The group eventually found a home at the Sergeant Bluff Community Center, where the facility now has lines to accommodate three courts and movable nets. The two outdoor tennis courts have also been striped for the sport.

Smoley said interest in the sport started as a trickle but grew quickly. Now, he said, the group numbers more than 100 and has to split into two shifts to play. "Not everyone comes every day," he said.

The basic rules of pickleball resemble a scaled-down version of tennis — and no, there are no briny cucumbers involved.

According to the United States Pickleball Association, single players or teams of two face off on a 20-by-44-foot court with a 36-inch-high net. Players must serve underhand from behind the baseline and must serve diagonally into the opposite side of their opponents' court.

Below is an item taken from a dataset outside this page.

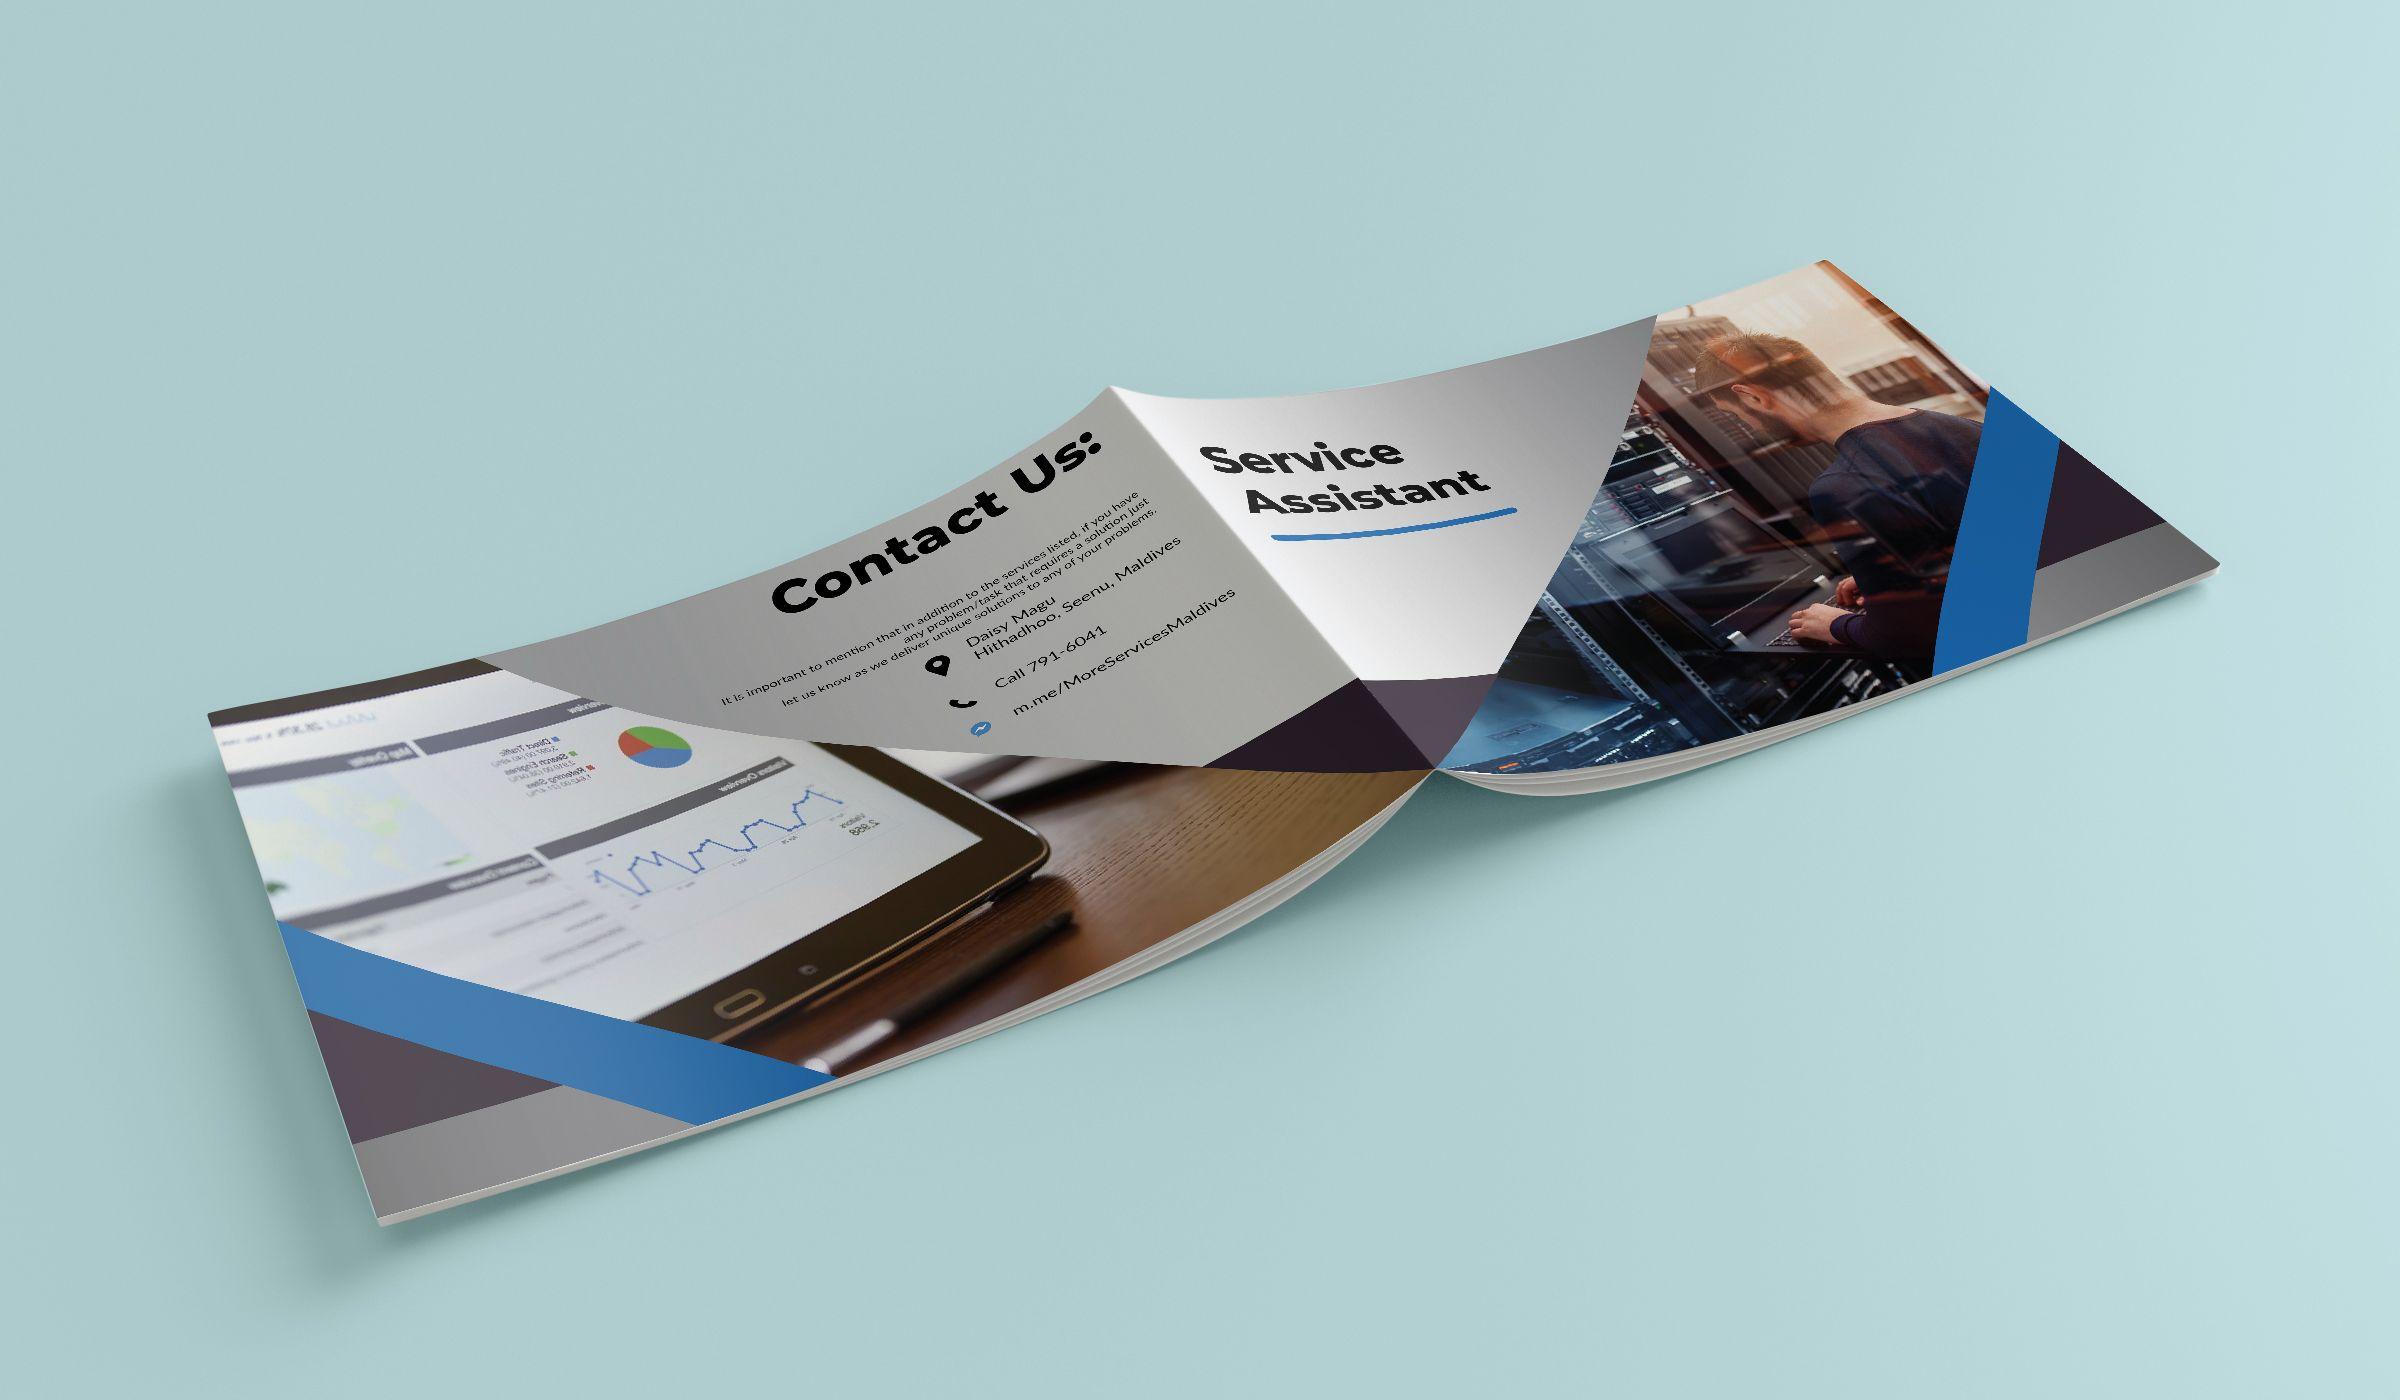 Pushpo Pro I Will Design A Professional Brochure Company Profile In 12 Hrs For 5 On Fiverr Com Professional Brochure Company Profile Company

Their opponent must allow the served ball bounce once before returning. Then the server must also let the returned ball bounce once before hitting it back. After that point, teams can hit the ball back and forth with or without a bounce.

Only the serving player or team can score points, and each game is played to 11. The victor must win by 2.

Some of the more competitive Siouxland pickleballers have traveled to larger cities for weekend tournaments. Sergeant Bluff will hold its own pickleball tournament during Pioneer Valley Days in August.

City Parks and Recreation Director Brent Brown said from his experience, the spike in local pickleball activity has set Sergeant Bluff apart from other cities its size.

"We were at a parks and recreation conference this spring, and people were talking about pickleball and were blown away across the state at how we had that big of numbers," Brown said. "Even the bigger cities didn't have those kinds of numbers."

This summer, a re-flooring project at the community center will expand the number of marked pickleball courts from three to five. The city also has a pair of outdoor tennis courts striped for the game.

In Sioux City, Parks and Recreation Matt Salvatore said the sport is an "up-and-comer," one his department plans to accommodate more in the future. He said plans are in the works to add pickleball lines to the city's tennis courts as they undergo refurbishment.

"As we refinish our (outdoor) tennis courts, we'll eventually stripe them all," he said.

He said the city is also striping the Long Lines Family Recreation Center's court, which is currently undergoing resurfacing, for pickleball.

For those interested in giving the sport a whack, Clark said the Sergeant Bluff group is welcoming to newbies and open to anyone who wants to give pickleball a whirl.

"Everybody who's been playing has extra paddles, and people can borrow," she said. "You can try it out and see if it is for you."